## WHAT IS REQUIRED
Your answer must be the exact lines of the listing below that run from the line with "IKEA Shelf Organizer With Box" to the line with "1000天，每天折一只不同的纸鹤，现在这哥们折出的纸鹤美绝了.... ​​​​", ends included, and no pictures.

## INPUT RECORDS
========================================

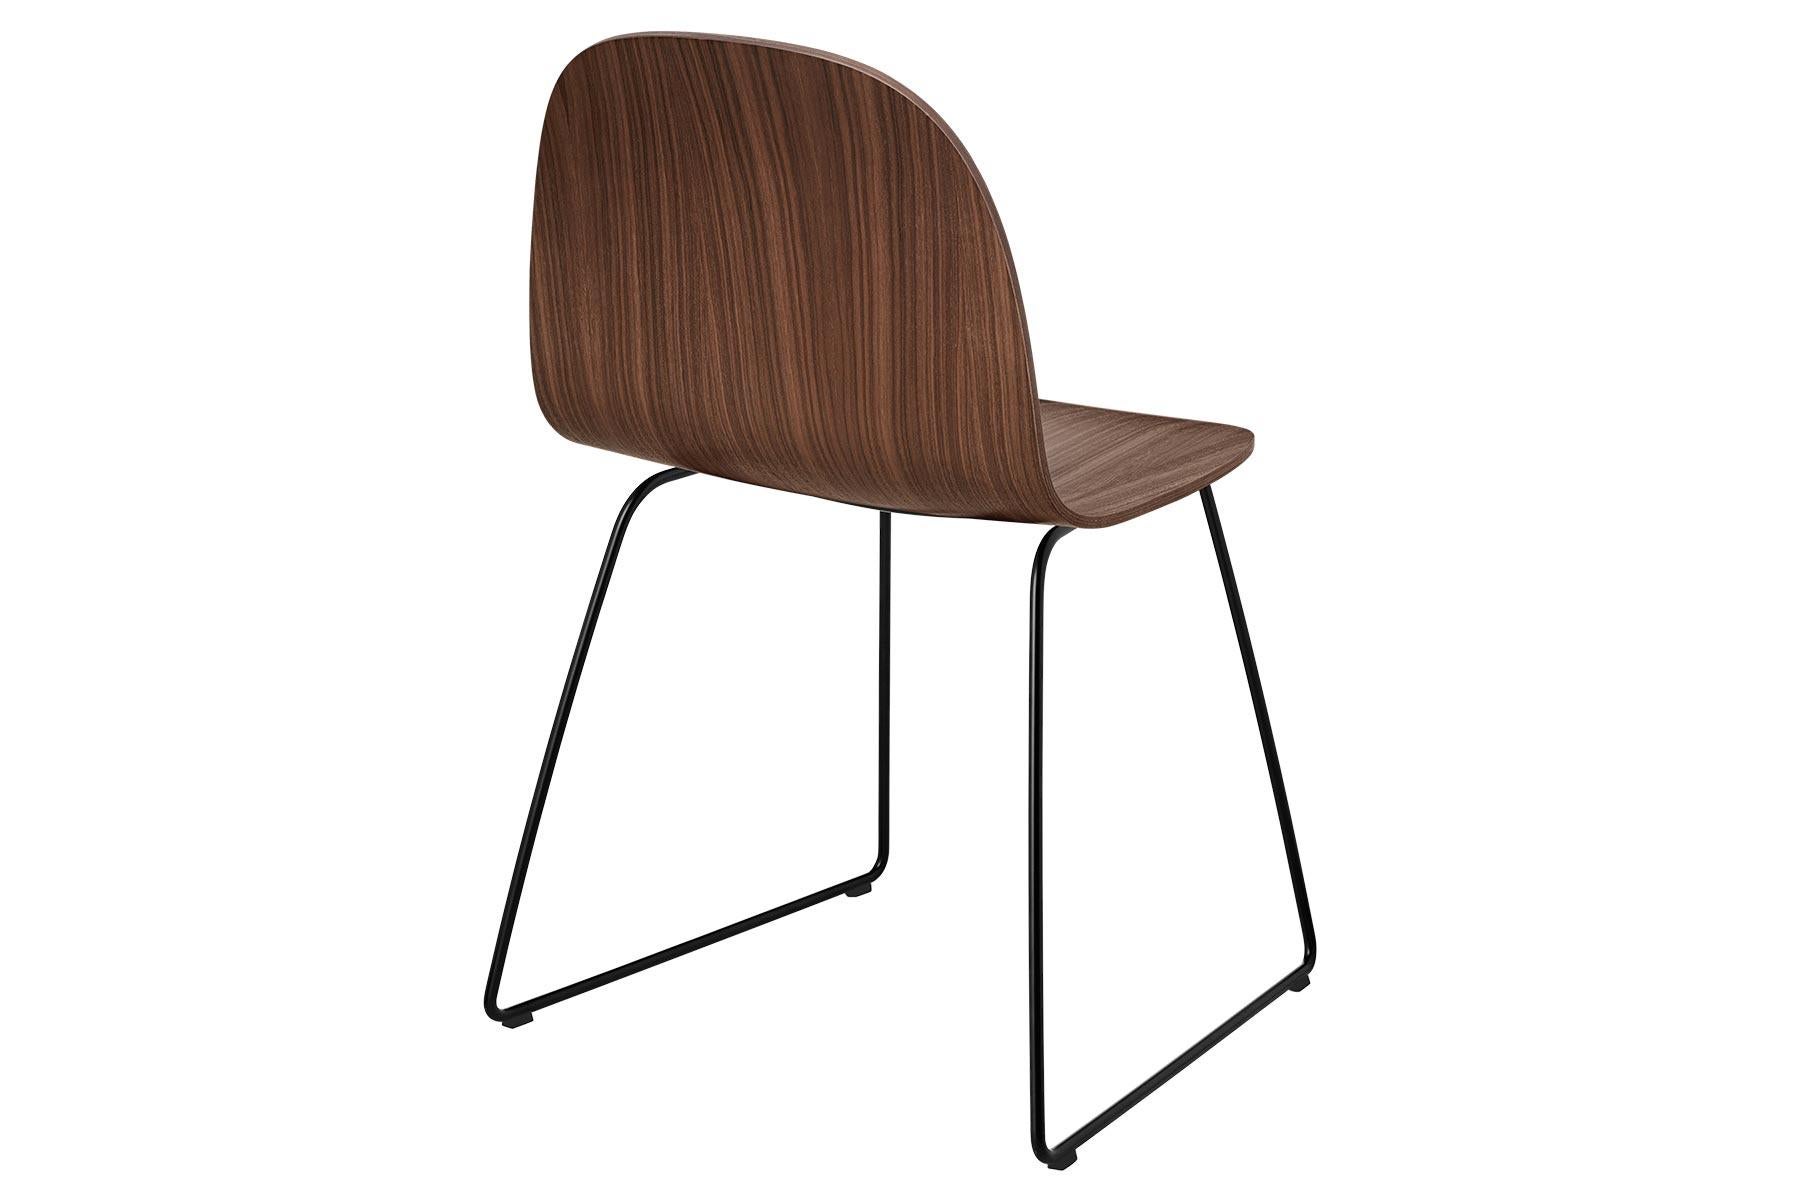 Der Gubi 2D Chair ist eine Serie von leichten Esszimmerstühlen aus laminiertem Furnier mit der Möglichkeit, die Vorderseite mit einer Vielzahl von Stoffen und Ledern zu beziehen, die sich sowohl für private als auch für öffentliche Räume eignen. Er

========================================

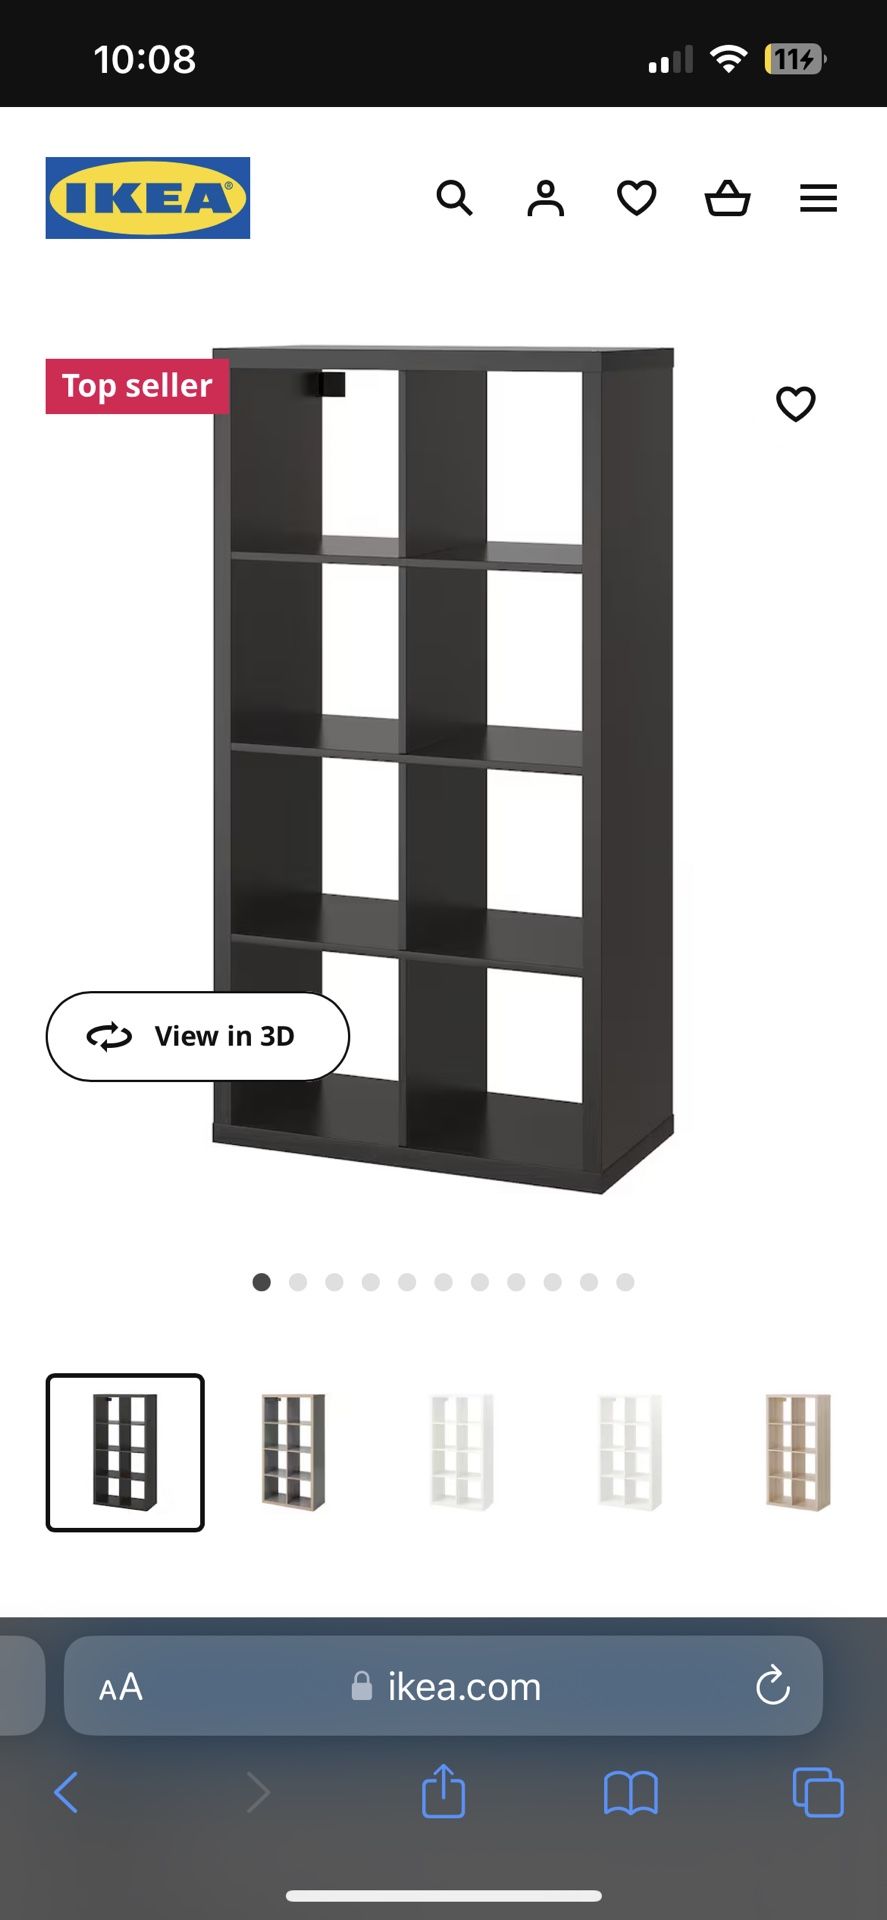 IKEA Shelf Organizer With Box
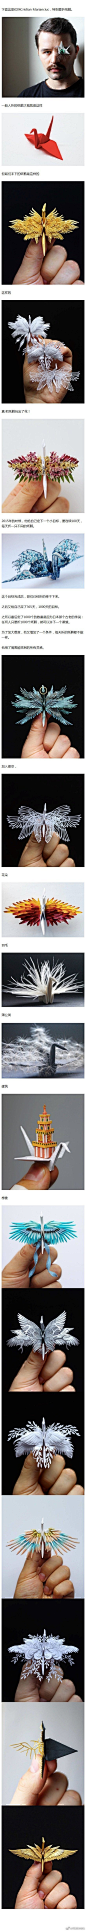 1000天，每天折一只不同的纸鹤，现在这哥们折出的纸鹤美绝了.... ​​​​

========================================

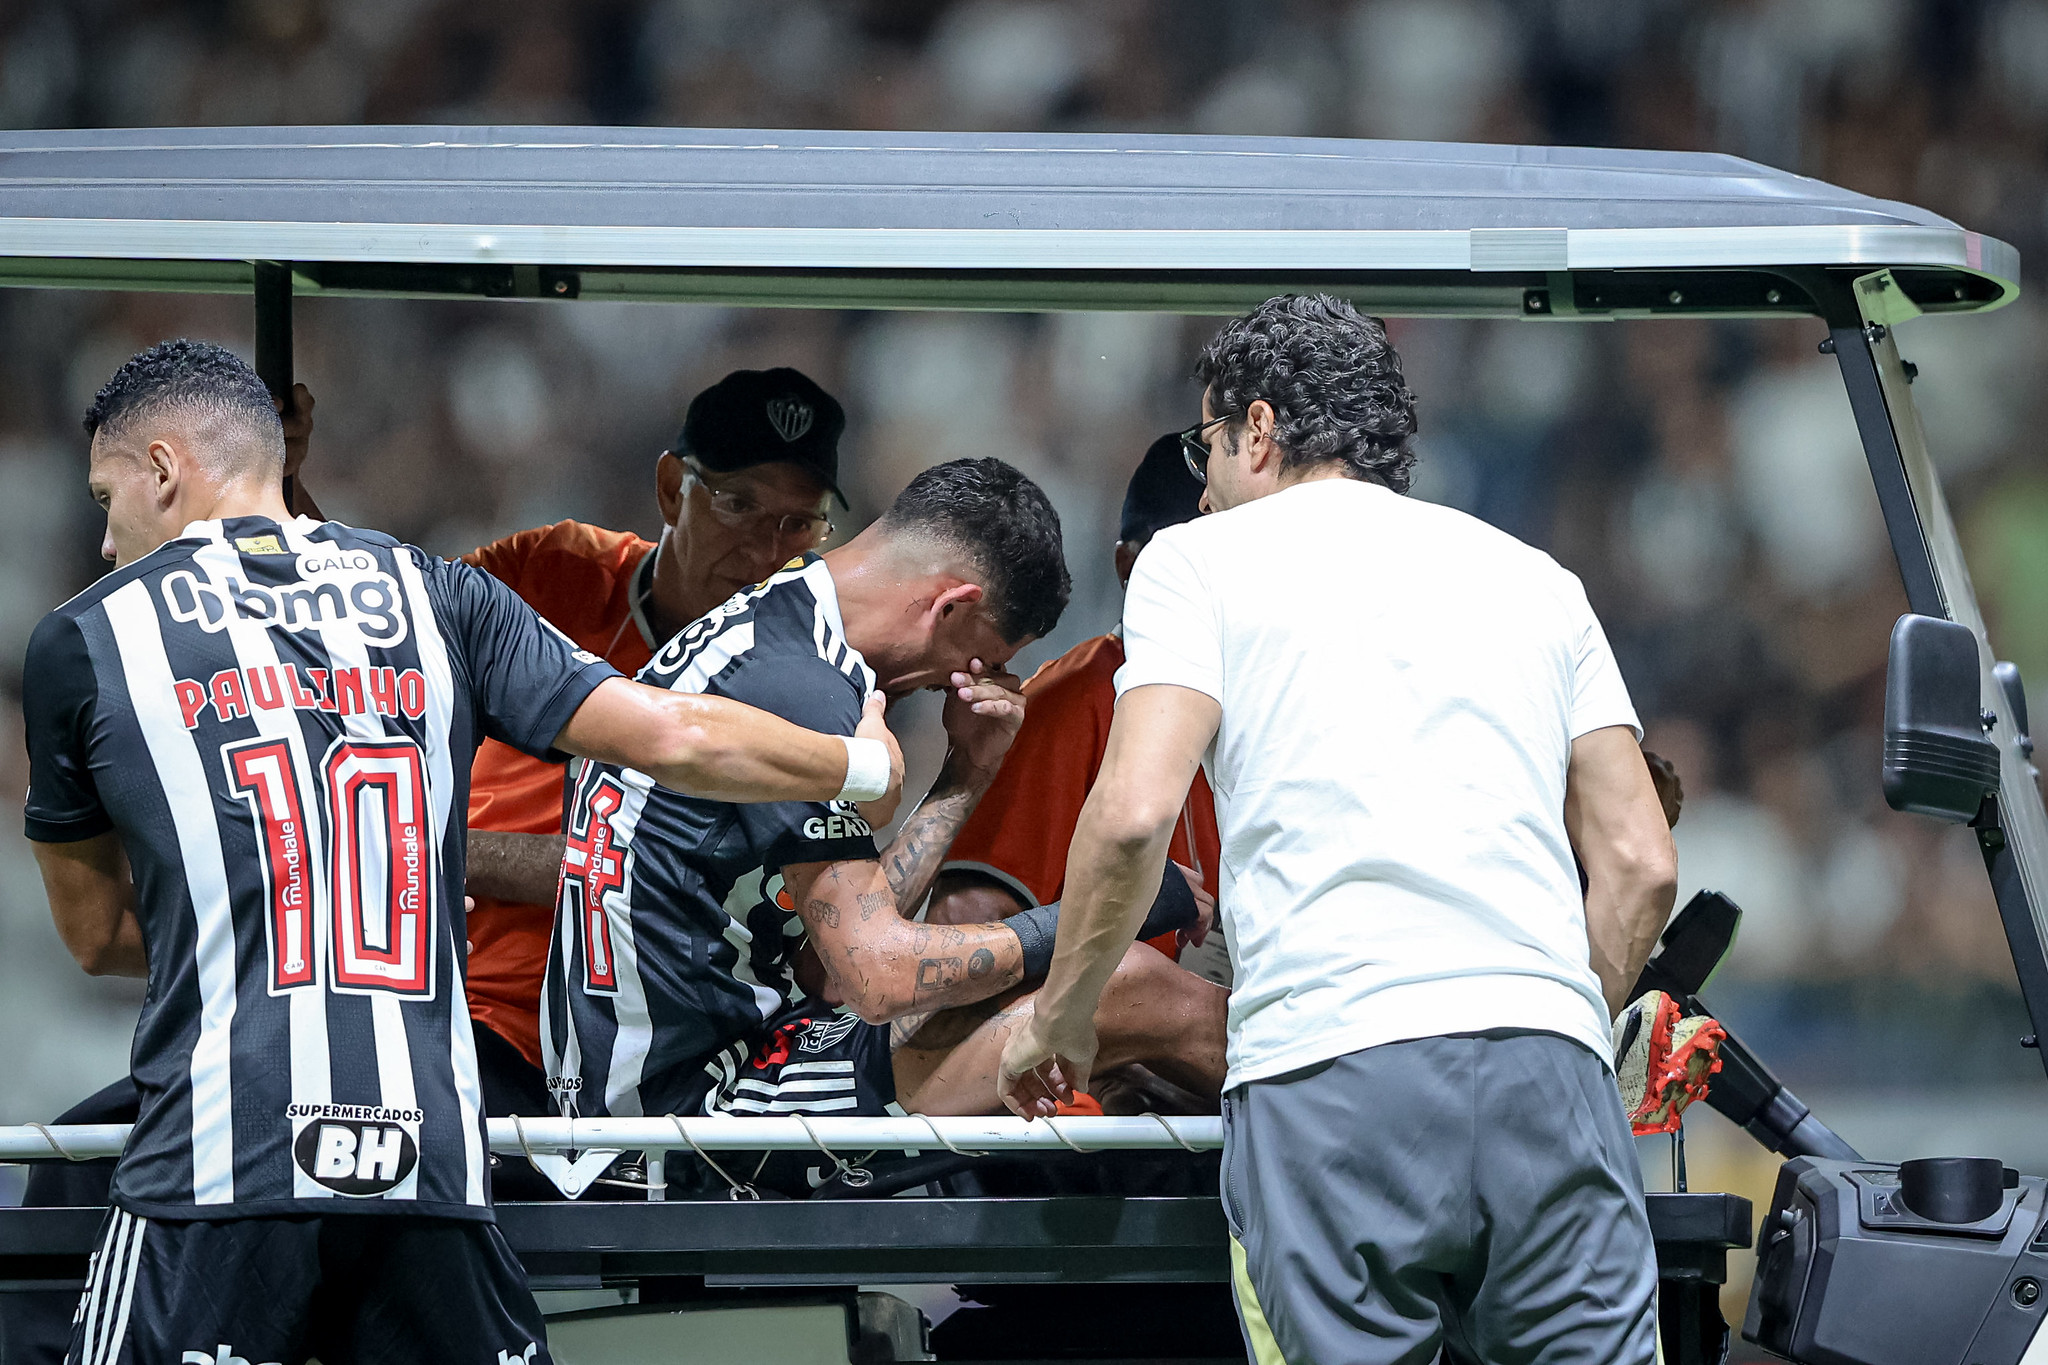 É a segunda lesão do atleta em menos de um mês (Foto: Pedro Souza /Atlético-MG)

========================================

## WRITTEN SOLUTION
 IKEA Shelf Organizer With Box
 1000天，每天折一只不同的纸鹤，现在这哥们折出的纸鹤美绝了.... ​​​​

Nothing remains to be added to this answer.